Only the pictures should be left out; write out all other data exactly.

**Stored data**:
=-=-=

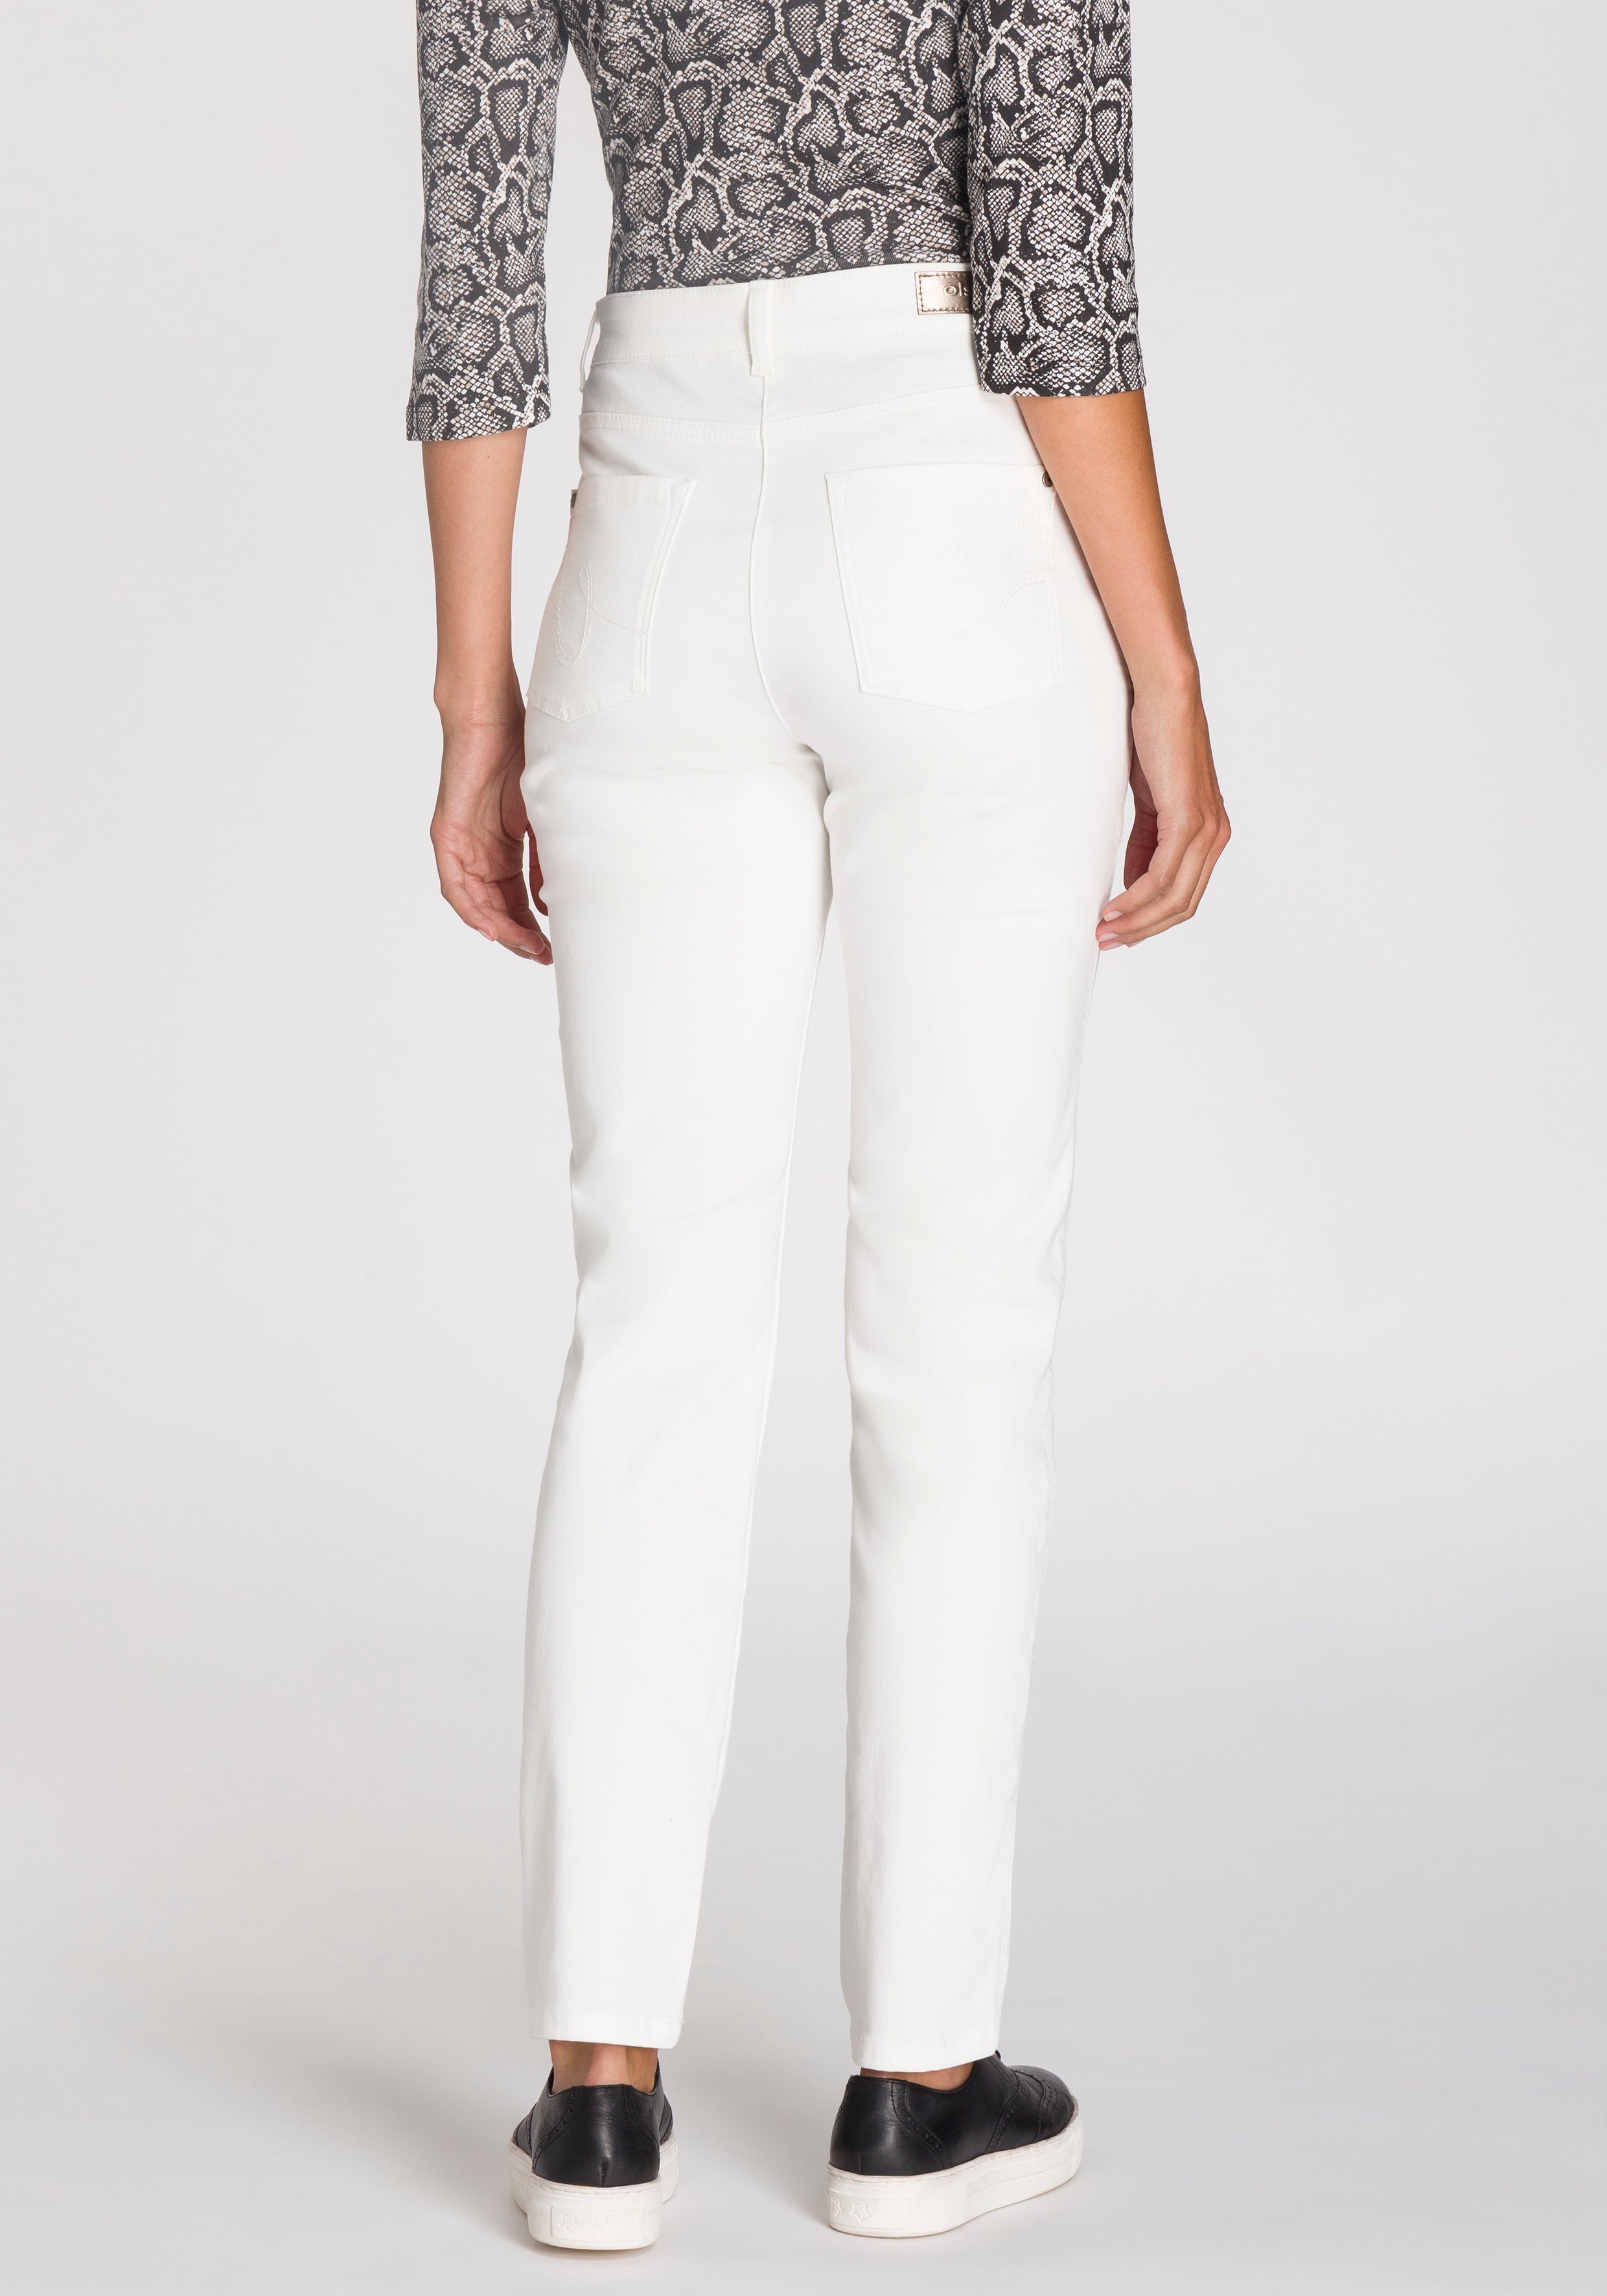 Slim Fit Jean in Off White
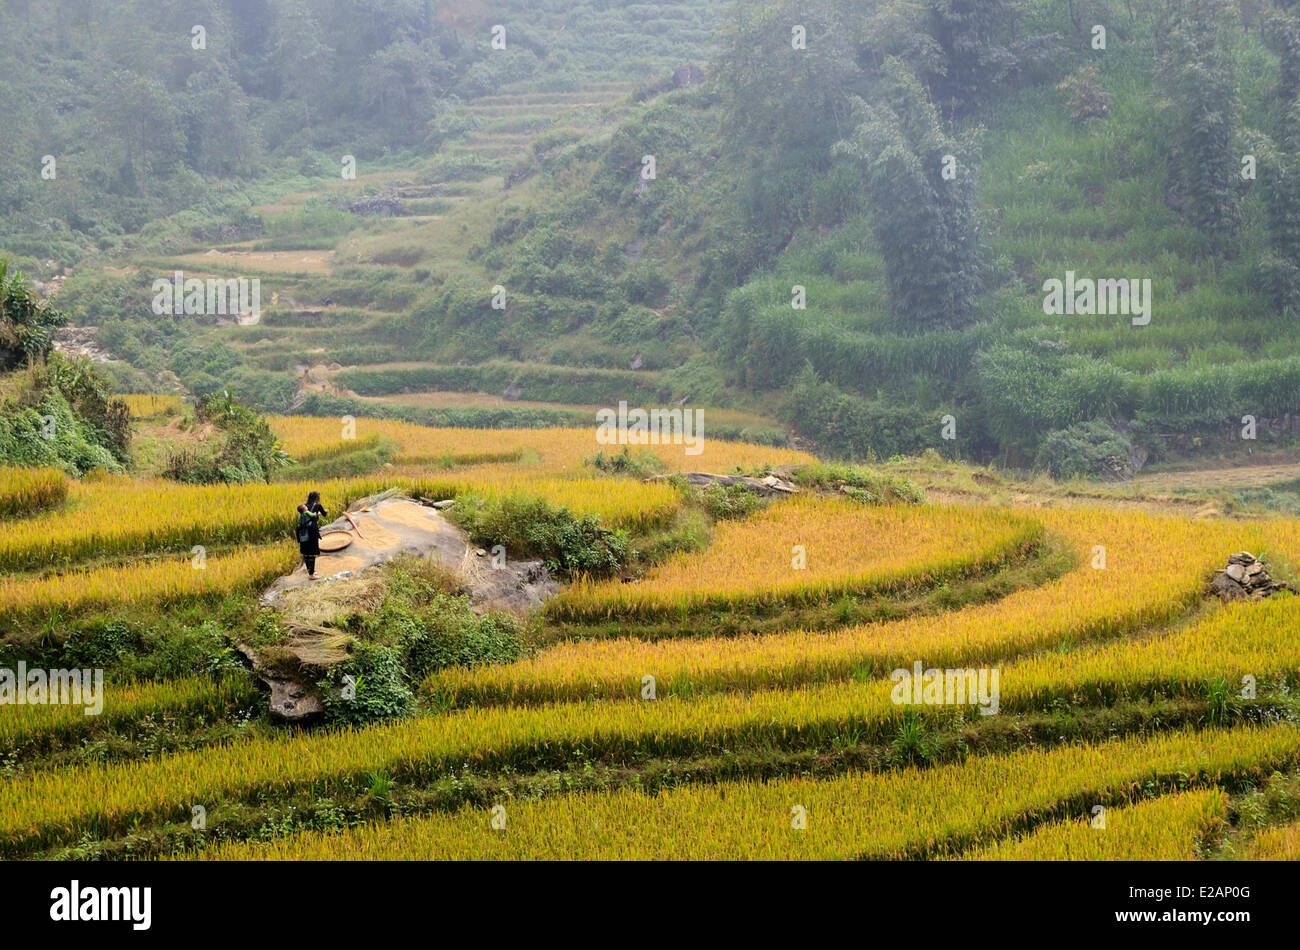 Vietnam, provincia de Lao Cai, Sapa , terraza, campos de arroz, la etnia Hmong negro gente cosechando arroz Foto de stock
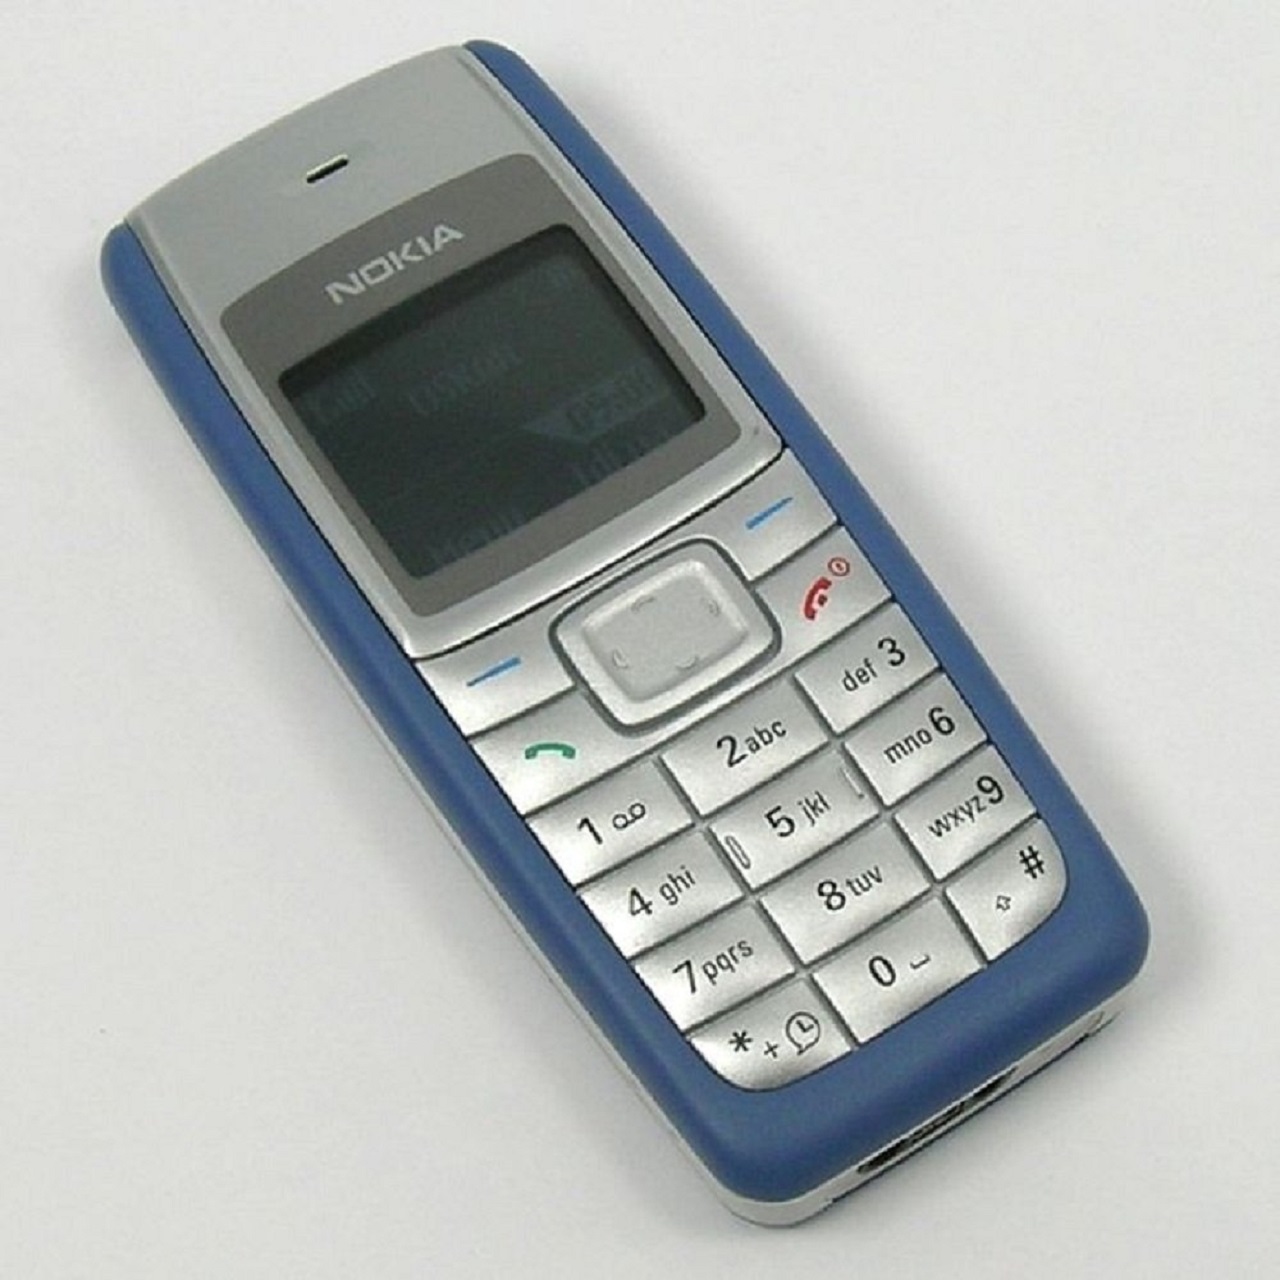 1 телефоны нокиа. Nokia 1110. Nokia 1110i. Нокиа 1210. Nokia 1110i Red.

=-=-=

**Answer to the problem**:
 Slim Fit Jean in Off White
 Vietnam, provincia de Lao Cai, Sapa , terraza, campos de arroz, la etnia Hmong negro gente cosechando arroz Foto de stock
 1 телефоны нокиа. Nokia 1110. Nokia 1110i. Нокиа 1210. Nokia 1110i Red.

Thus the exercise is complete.